The painting of the dancers is based on the artist’s lust for showcasing ballerinas dancing. Degas had first started drawing nude woman bathing, then moved on to showcasing the rich movement of ballerinas dancing. The painting, Dancers, describes this exact phenomenon as a group of women prepare to dance. A horizontal line of women stand near one another against a wall as they prepare to depict their skills. The main character within the painting is the tall woman standing with her right arm against her hip, and her other arm against the wall. She bends one leg behind the other as she leans towards the other girls in preparation for their dance.

These young women are dressed in a light mint matching costume. The top part of the attire hugs across their chest with white lace detailing. Toward the bottom, the grand skirt expands into a tutu until the knees. Degas uses glimpses of light orange and pops of white throughout the ballerina’s dresses to add depth to them. Their legs are painted in a light nude pink that does not showcase exact shoes nor feet. Only the focal woman’s face is depicted with a few glimpses of detail through a pointy nose and eyes.

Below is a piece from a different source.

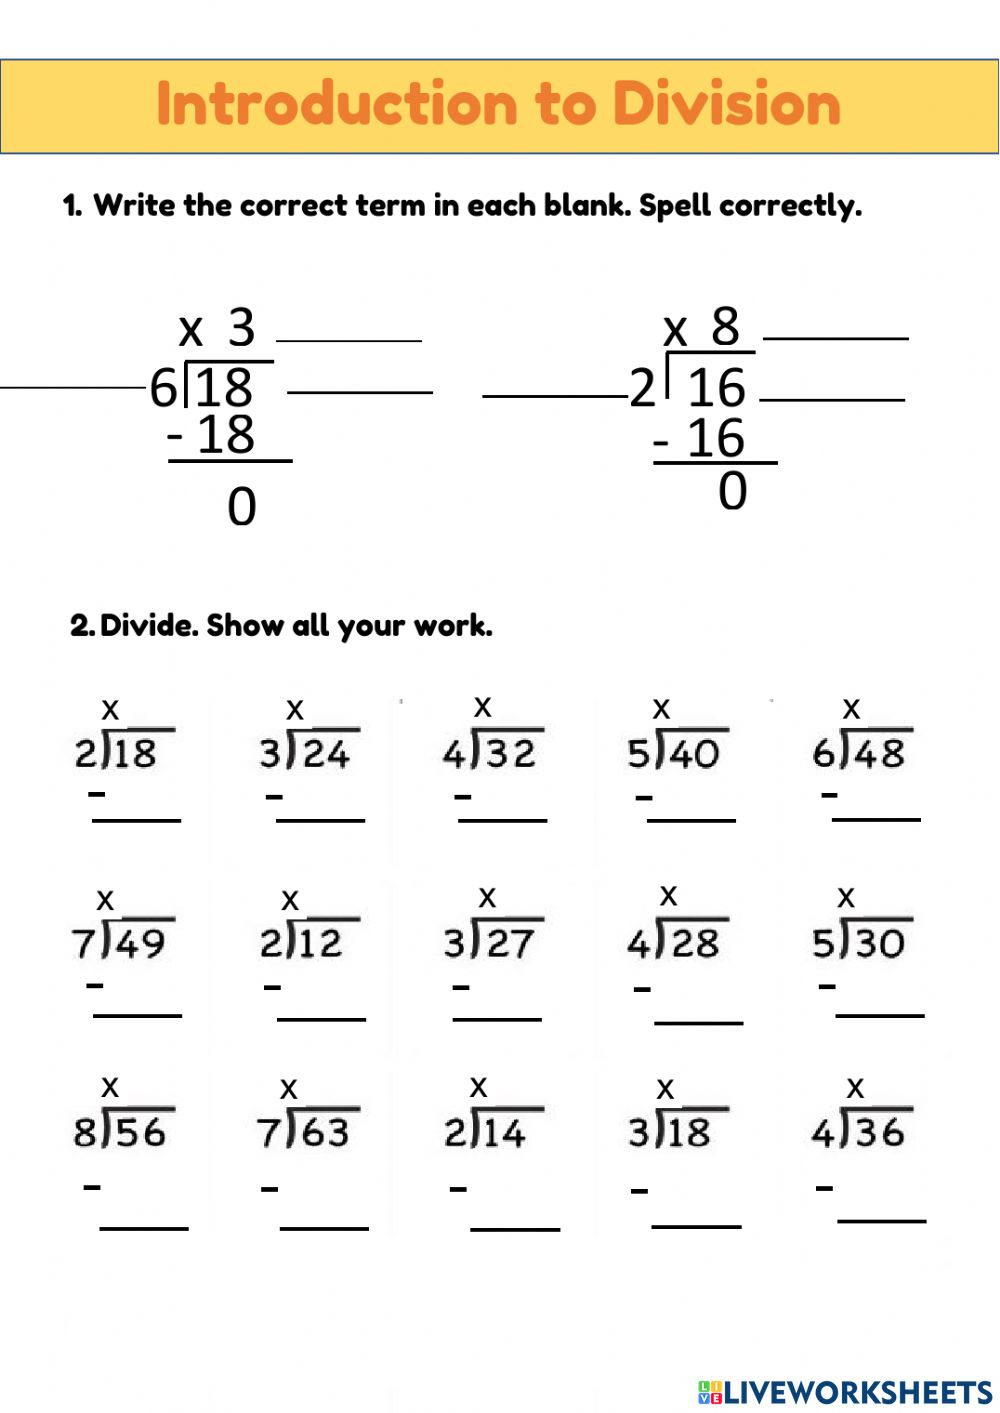 Introduction To Division Math Worksheet By Smartboard Smarty Tpt

The other woman’s faces within the painting are morphed and hidden.

Near the left of the painting, a curtain is painted as the ballerinas seem to be standing back stage awaiting their part. A glimpse of a green tutu is shown near the bottom left of the painting, hinting that there are many additional ballerinas. Their mint green dresses hold a contrast to the rest of the painting as there is a different colour scheme that is showcased. The back wall on which the woman holds her hand is painted in a swirling pattern of rich gold, orange, and azure shades. While the wall holds colours both in the warm and cool palette, the tones come together as one accentuating the woman. These colours add a deep contrast to the mint green colour of the woman’s dresses.

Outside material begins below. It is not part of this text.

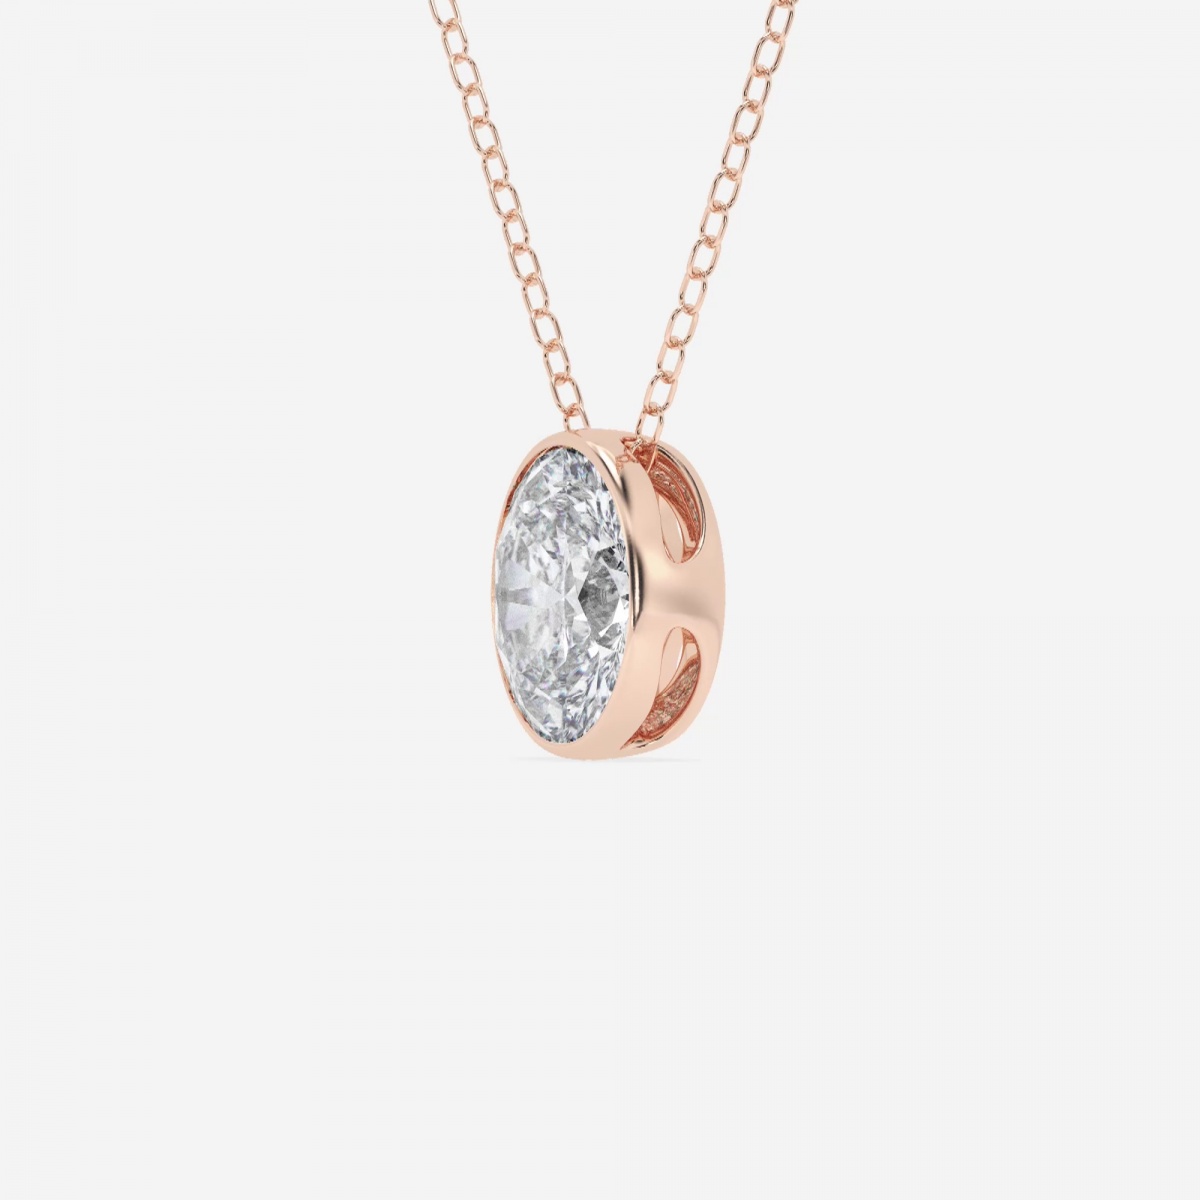 Additional Image 1 for  1 ctw Oval Lab Grown Diamond Bezel Set Solitaire Pendant with Adjustable Chain

As the women await their turn in nervousness, the viewer is able to feel a hint of emotion upon looking at the stunning portrait. Edgar Degas held a magnificent gift through his ability to be able to portray emotion even in the most complex style. The traditional methods on which Degas has based his work had been transformed to a contemporary style, which in-turn allowed for the artist to gain the title of the founder of impressionist art. A few other paintings that hold a similar style to Dancers by Degas, include After The Bath, Portrait of a Young Woman, and Blue Dancers.